Folha de S. Paulo


Manchester e a quinta coluna

Em 1936, o Exército franquista, que tentava (e conseguiu) acabar com a democracia na Espanha, queria marchar sobre Madri com quatro colunas militares. Eles contavam também com uma "quinta coluna", composta de todos aqueles que, dentro da cidade sitiada, diziam-se favoráveis ao governo legal, mas se descobririam, no fim, aliados potenciais dos fascista.

A expressão quinta coluna não se referia tanto a grupos militantes ou militares infiltrados, mas a todos os aliados objetivos, que, na hora certa, se juntariam aos invasores.

Outro exemplo, durante a Guerra Fria, qualquer partido comunista ao oeste da Cortina de Ferro era considerado como uma potencial quinta coluna soviética.

De novo, a quinta coluna não é necessariamente uma organização clandestina, seus membros nem precisam saber que eles são "aliados" dos inimigos: é suficiente que eles, no final, identifiquem-se com o inimigo.

Na segunda (22), em Manchester, Grã-Bretanha, na saída de um show de Ariana Grande (uma cantora pop cujos fãs são principalmente adolescentes), uma bomba matou 22 pessoas e feriu outras dezenas. Na terça (23), o Exército Islâmico reivindicou a autoria do atentado.

Na hora em que escrevo, pouco se sabe do autor; a polícia considera que agiu sozinho, mas procura cúmplices eventuais, que poderiam ter colaborado com o perpetrador na própria logística do atentado.

Mas eu considero que o terrorismo precisa de cumplicidades maiores e mais difusas. E chego a pensar que, sem essas cumplicidades, o terrorismo mal conseguiria vingar e operar no Ocidente. Essas cumplicidades constituem a verdadeira quinta coluna do terrorismo islâmico nas ruas do Ocidente.

Agora, cuidado, não estou me referindo a (eventuais) franjas extremistas de populações muçulmanas, imigrantes ou refugiadas.

Os grandes cúmplices do terrorismo islâmico são velhas ideias que acompanham a própria cultura ocidental faz tempo e que, de fato, expressam a nostalgia de um mundo organizado pelos privilégios de casta. 1) A ideia de que nossos valores fundamentais (a começar pela liberdade do indivíduo) seriam nossa fraqueza e nossa perdição, e não nossa força. 2) A ideia de que seríamos uma cultura degenerada e em declínio.

Quer saber se você tem chances de ser contabilizado como um membro possível da quinta coluna terrorista? Um pequeno e rápido teste vai responder.

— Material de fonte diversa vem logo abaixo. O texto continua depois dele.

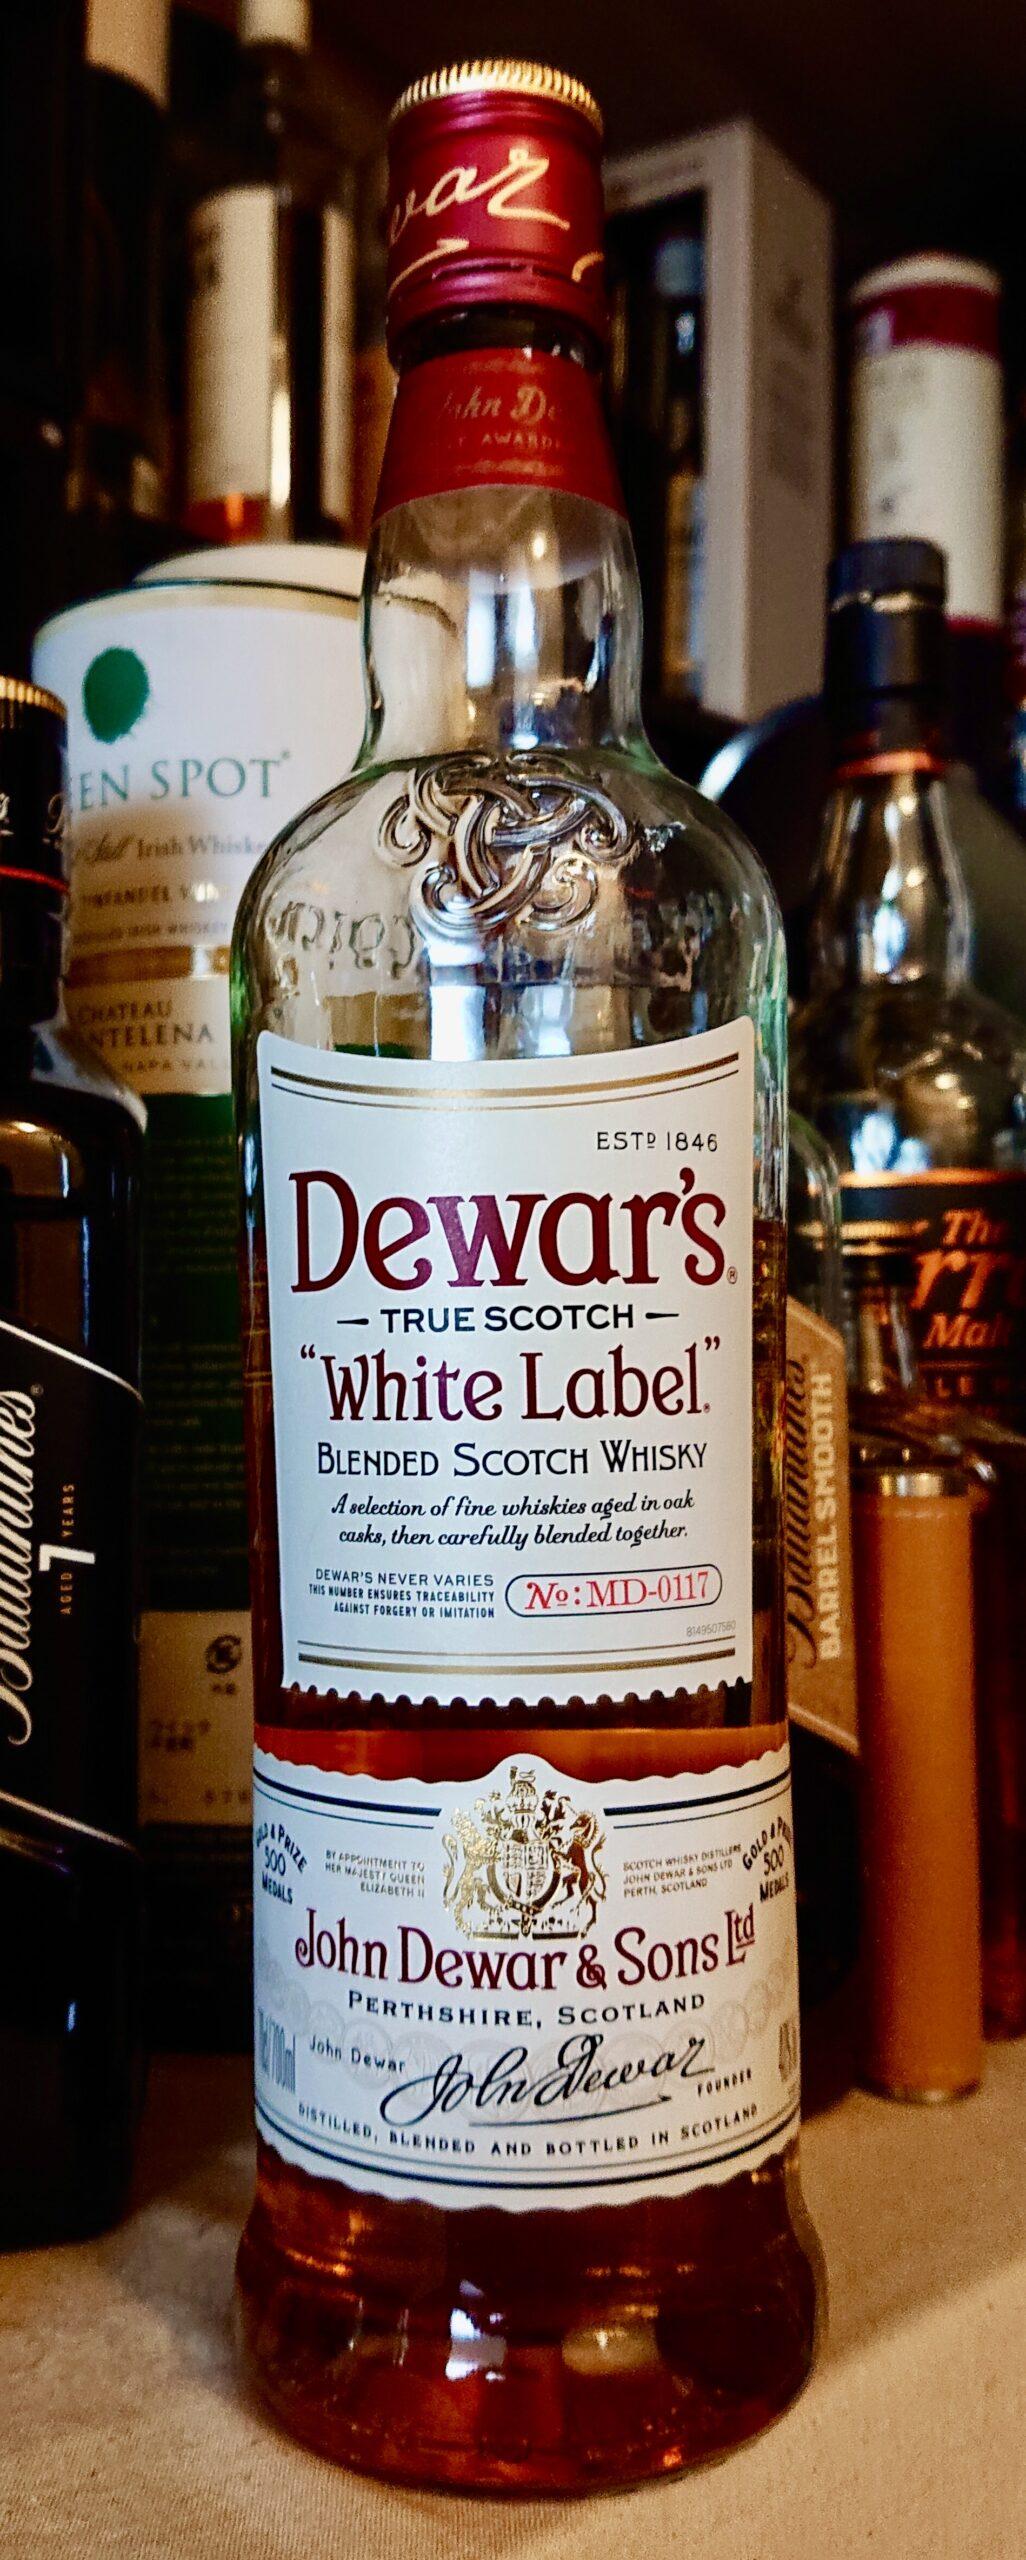 デュワーズホワイトラベルのテイスティング&レヴュー・アメリカでの売り上げNo.1バーテンダー支持No.1 、ハイボールにも最適なコスパ最高峰の有名ブレンデッド!

Marque cada pergunta à qual você responde "sim".

( ) Quando você soube do atentado de Manchester, você pensou, mesmo que seja por um momento, que essas meninas menores deveriam ter ficado em casa com seus pais, quem sabe lendo um livro, em vez de ir a um show de música pop sei lá com quem?

( ) Você acha que um show pop para adolescentes é um lugar promíscuo e permissivo, estética e moralmente degenerado?

( ) Você viu fotografias das vítimas de Manchester e pensou que agora elas saberiam que roupa rasgada não é tão legal assim?

( ) Você já pensou alguma vez que, se uma menina foi estuprada, é porque ela estava querendo, porque usava roupa indecente?

( ) Você já usou mais de uma vez a expressão "modernidade líquida" para dizer que as relações humanas, nos nossos tempos, careceriam da solidez dos grandes afetos?

( ) Você acha que as meninas e os meninos de Manchester, em vez de ir a um show, deveriam ter ido a um comício político, ao menos saberiam por que morreram?

( ) Você acha que não existem mais cidadãos, mas apenas consumidores -e que por isso mesmo não haveria mais pensamento político?

( ) Você acha que todos deveriam seguir sua regra moral e que não seguir sua regra moral é uma forma de desrespeito por você e pelas ideias nas quais você acredita?

( ) Você acha que nossos tempos são imediatistas e hedonistas? Pense bem. Se você apenas repetiu considerações de outros pode não valer. Só vale se você pensa mesmo que essas seriam caraterísticas de nossos tempos.

A lista pode ser muito, mas muito mais longa. Mas, se você respondeu sim a ao menos duas das perguntas, ou se você respondeu sim a uma das duas últimas perguntas (que valem dois pontos), então permita-me, por uma vez, uma resposta clara, jacobina: então, você faz parte da quinta coluna do terrorismo islâmico radical.

Parabéns, seu ódio pelos valores cruciais de nossa cultura confirma e sustenta o ódio de quem nos mata indiscriminadamente.